Early impressions of WasmCloud
First impressions of technologies are quite important for driving adoption, so I’ve started writing down my early impressions as I explore different technologies.
WasmCloud is an application platform built on WASM (like erlang’s BEAM, but you deploy WASM to it rather than erlang).
(Originally posted on the red-badger tech site)
Documentation
You start at wasmcloud.dev (“Docs Home”), and can follow a getting started guide from there, but there is also a “Home” link in the top bar that takes you to wasmcloud.com, which links out to a bunch of commercial courses. I haven’t looked into the courses, but the fact that they exist feels reassuring.
The rest of the documentation is not particularly polished. There are broken links in a few places, and a handful of typos, including:
$ ctl link MCUDTMOOZCVAM5EBNN4U3X2OGHNIY3BKPEW66HY4RTCYYVWXOE7ESVDQ VAG3QITQQ2ODAOWB5TTQSDJ53XK3SHBEIFNK4A YJ5RKAX2UNSCAPHA5M wasmcloud:httpserver PORT=8080
in https://github.com/wasmcloud/examples/tree/main/echo (probably caused by copy-pasta out of the wash shell tui)- Both Architecture sections are missing (https://wasmcloud.dev/reference/host-runtime/architecture/ and https://wasmcloud.dev/reference/lattice/architecture/).

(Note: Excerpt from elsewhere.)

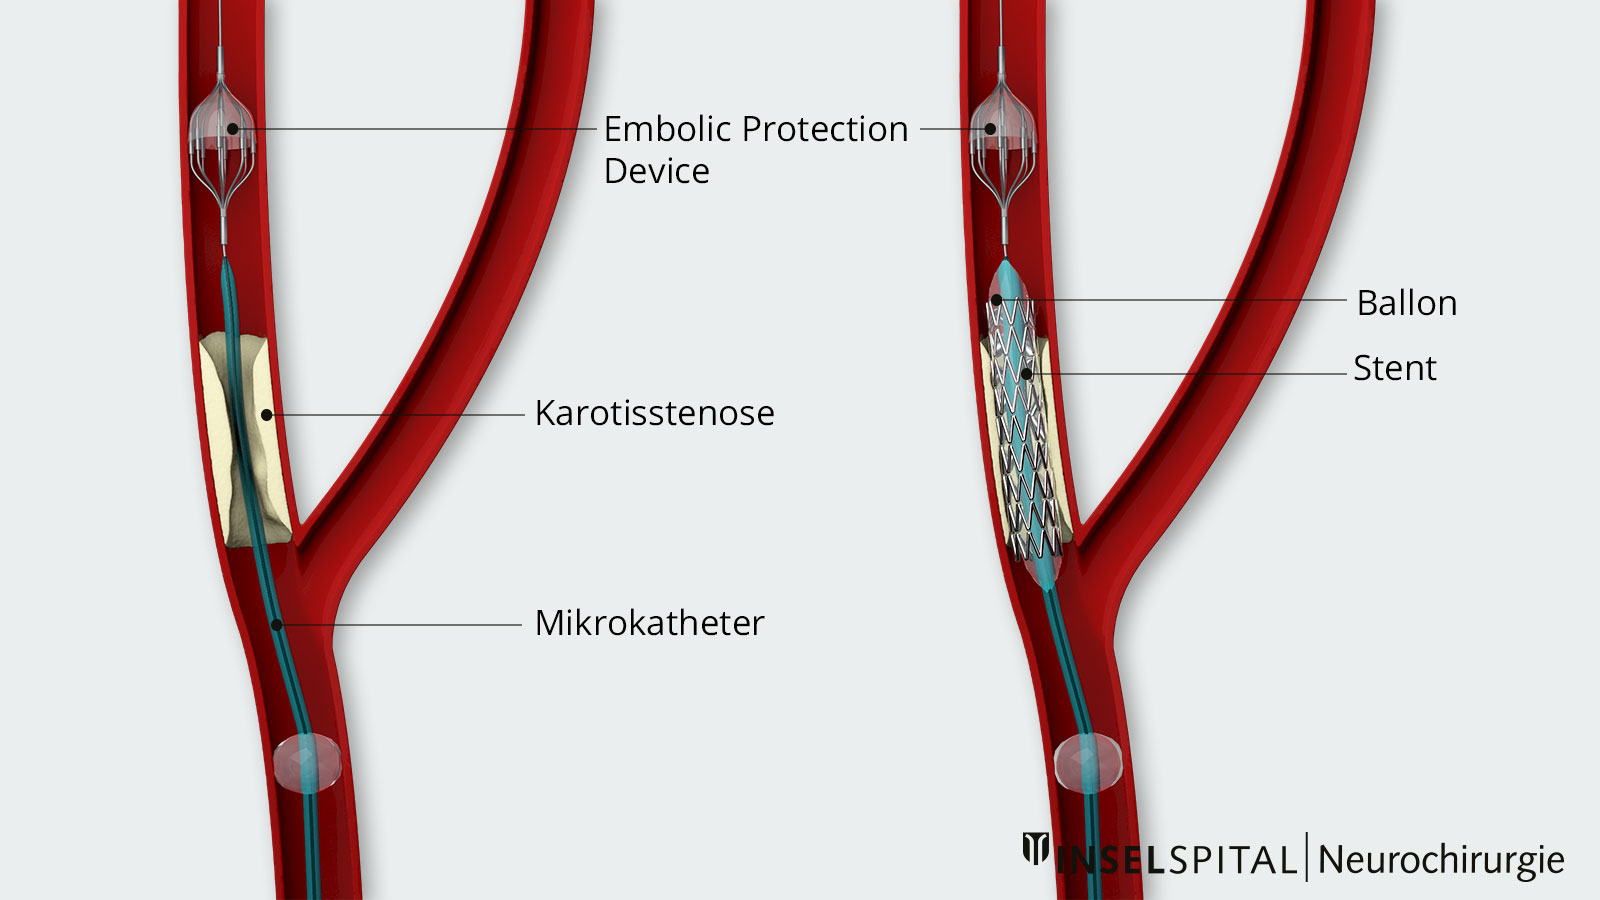 Drawing of a stent dilatation. Left, deployed EPD (Embolic Protection Device); right, stent placement and balloon dilatation.
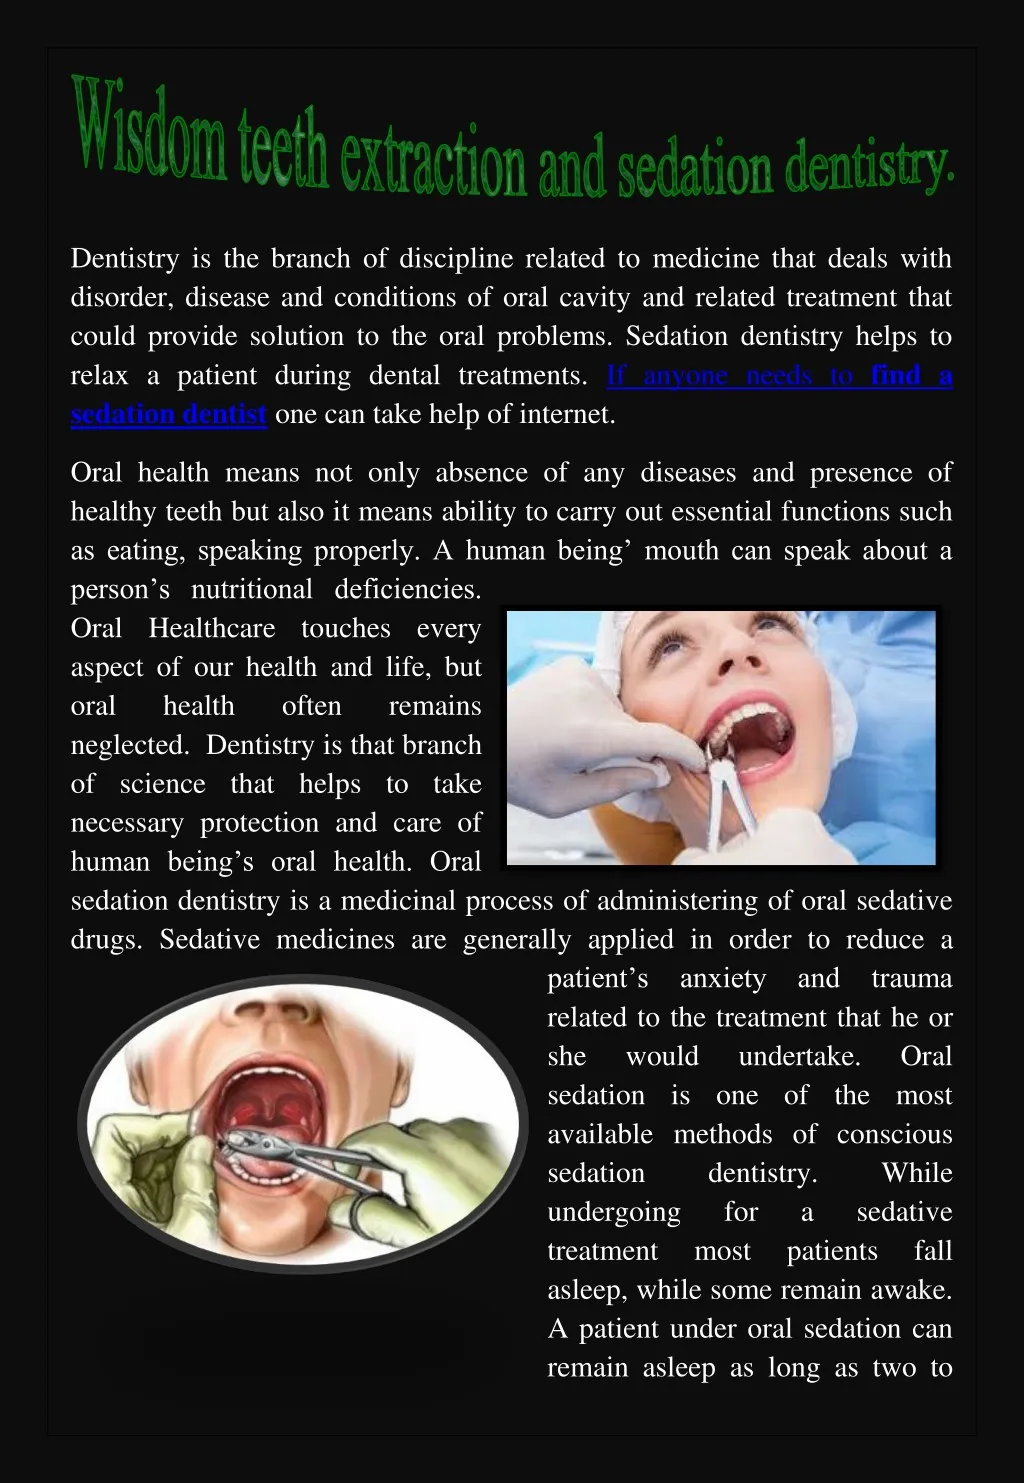 dentistry is the branch of discipline related

This feels like a job for excalidraw.
- s/on-premise/on-premises/ - https://wasmcloud.dev/reference/lattice/leaf-nodes/
- https://crates.io/crates/wash-cli “control-interface” links to https://github.com/wasmcloud/wasmcloud/tree/main/crates/control-interface, which is a broken link.
- Get some CI to check that they don’t have any broken links?
wash
The getting started guide recommends that you have wash set to 250 characters wide. This is a bit ridiculous. It also has a “REPL (Standalone)” thing that flashes in the top-left corner. Why? Can you please just not. (I ended up cloning the repo and patching this out)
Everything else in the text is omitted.